11 Replies Latest reply on Jul 21, 2015 9:39 AM by Bill Robinson

    java.io.SyncFailedException: lost message framing

    Yanick Girouard

      (Using BSA 8.5.01.304 on Windows/Oracle, with NSH Proxy enabled.)

       

      Once in a while, always at what seems to be the same time (4:00 AM), we see this error in a type 2 NSH Script Job...

       

      Error20-Jul-2015 4:00:20 AMcom.bladelogic.om.infra.session.client.SessionLoginException: Your session credential does not contain a usable Application Server URL.
      Error20-Jul-2015 4:00:20 AMErrors were:
      Error20-Jul-2015 4:00:20 AMCannot connect to "service:appsvc.bladelogic:blsess://APP_SERVICE_HOSTNAME:9841" - java.io.SyncFailedException: lost message framing

       

      With the following matching the timestamp in the app server log:

       

      "20 Jul 2015 04:00:20,336",Accept-Client-Connections-Thread,INFO,::,Appserver,Connection disconnecting: id = 910179

      "20 Jul 2015 04:00:20,570",Client-Connections-Thread-9,WARN,Anonymous:Anonymous:IP_OF_APPSERVER,Client,java.net.SocketException: Connection reset

      com.bladelogic.sso.engine.ClientDisconnectedException: java.net.SocketException: Connection reset

        at com.bladelogic.sso.engine.StreamMessaging.receiveMessage(StreamMessaging.java:123)

        at com.bladelogic.sso.engine.StreamMessaging.receiveToken(StreamMessaging.java:203)

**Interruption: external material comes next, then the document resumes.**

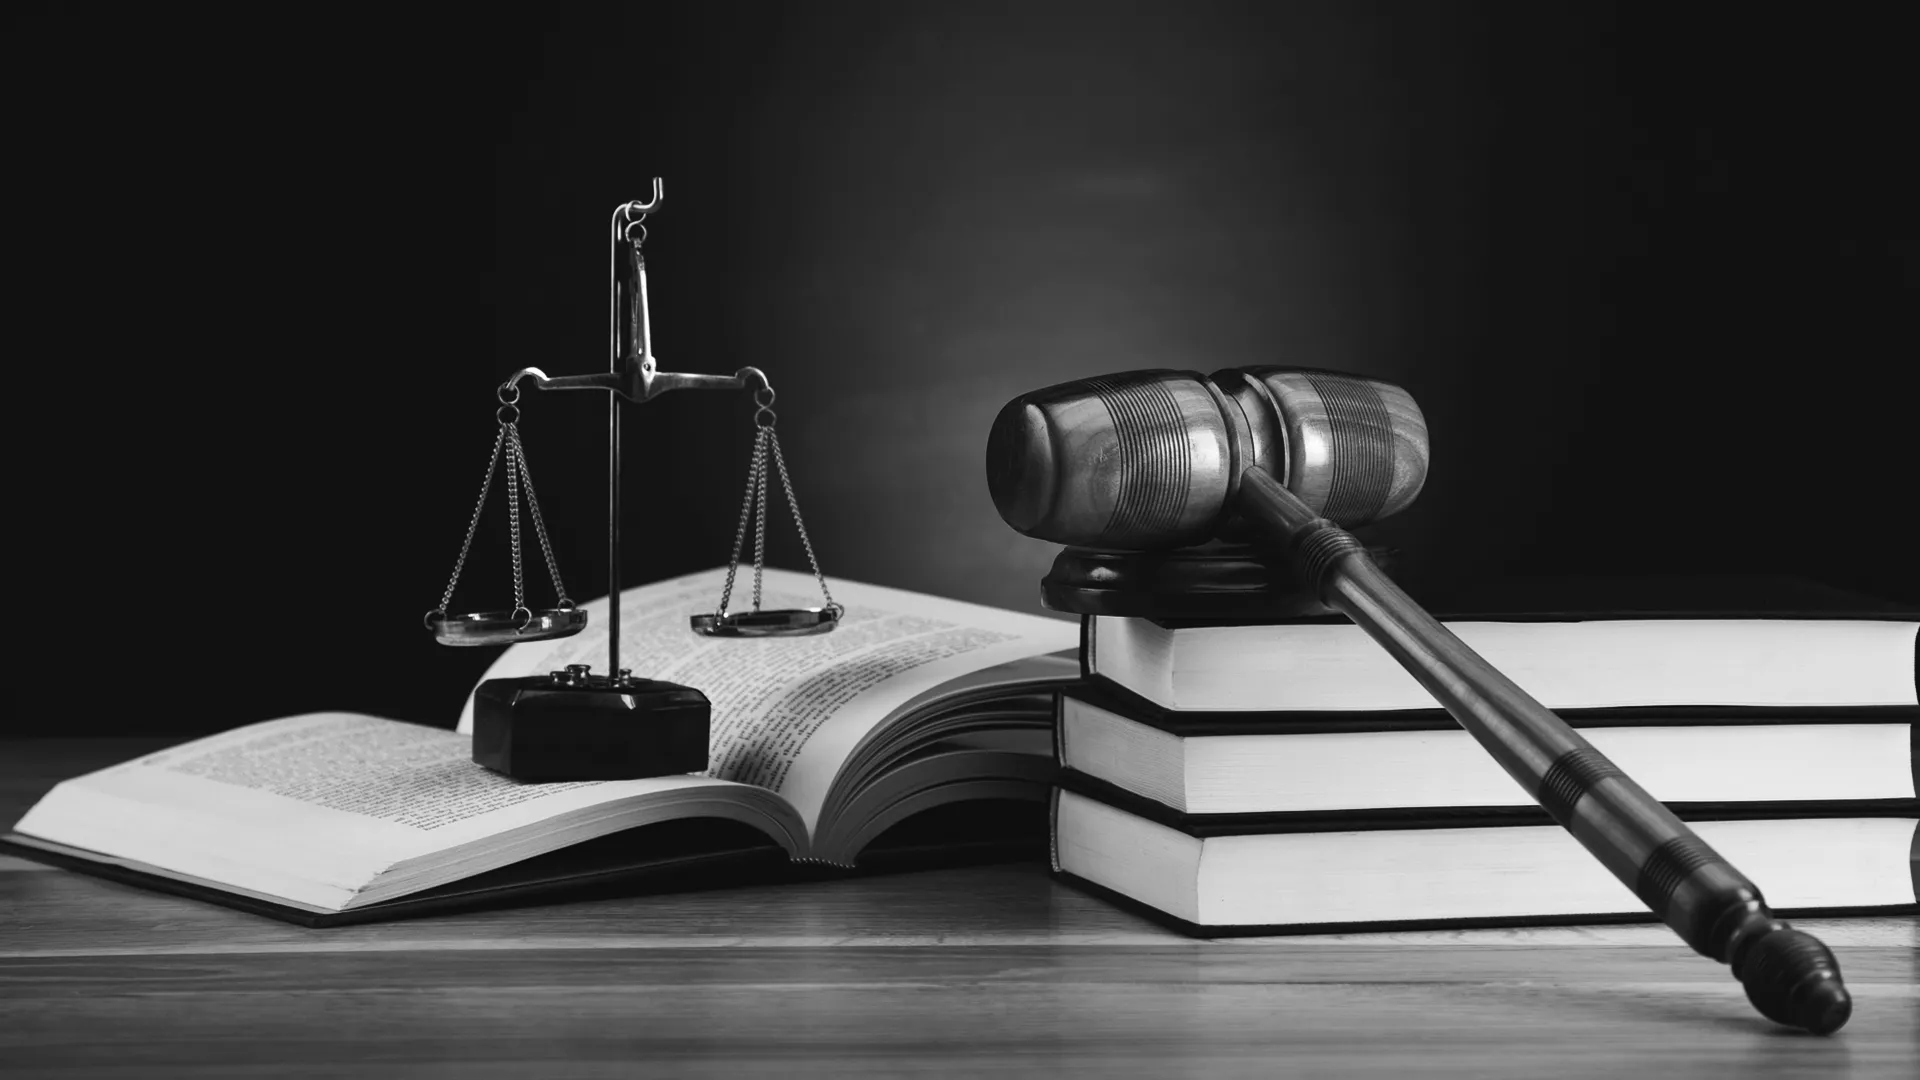 Scales of Justice, book and gavel illustrating criminal justice

        at com.bladelogic.om.infra.mfw.net.BlSessionServerConnection.authenticate(BlSessionServerConnection.java:186)

        at com.bladelogic.om.infra.mfw.net.BlSessionServerConnection.doHandshake(BlSessionServerConnection.java:116)

        at com.bladelogic.om.infra.mfw.net.ClientWorkerThread.handleNewConnection(ClientWorkerThread.java:144)

        at com.bladelogic.om.infra.mfw.net.ClientWorkerThread.execute(ClientWorkerThread.java:97)

        at com.bladelogic.om.infra.mfw.net.ClientWorkerThread.execute(ClientWorkerThread.java:27)

        at com.bladelogic.om.infra.app.service.thread.BlBlockingThread.run(BlBlockingThread.java:95)

      Caused by: java.net.SocketException: Connection reset

        at java.net.SocketInputStream.read(Unknown Source)

        at java.net.SocketInputStream.read(Unknown Source)

        at sun.security.ssl.InputRecord.readFully(Unknown Source)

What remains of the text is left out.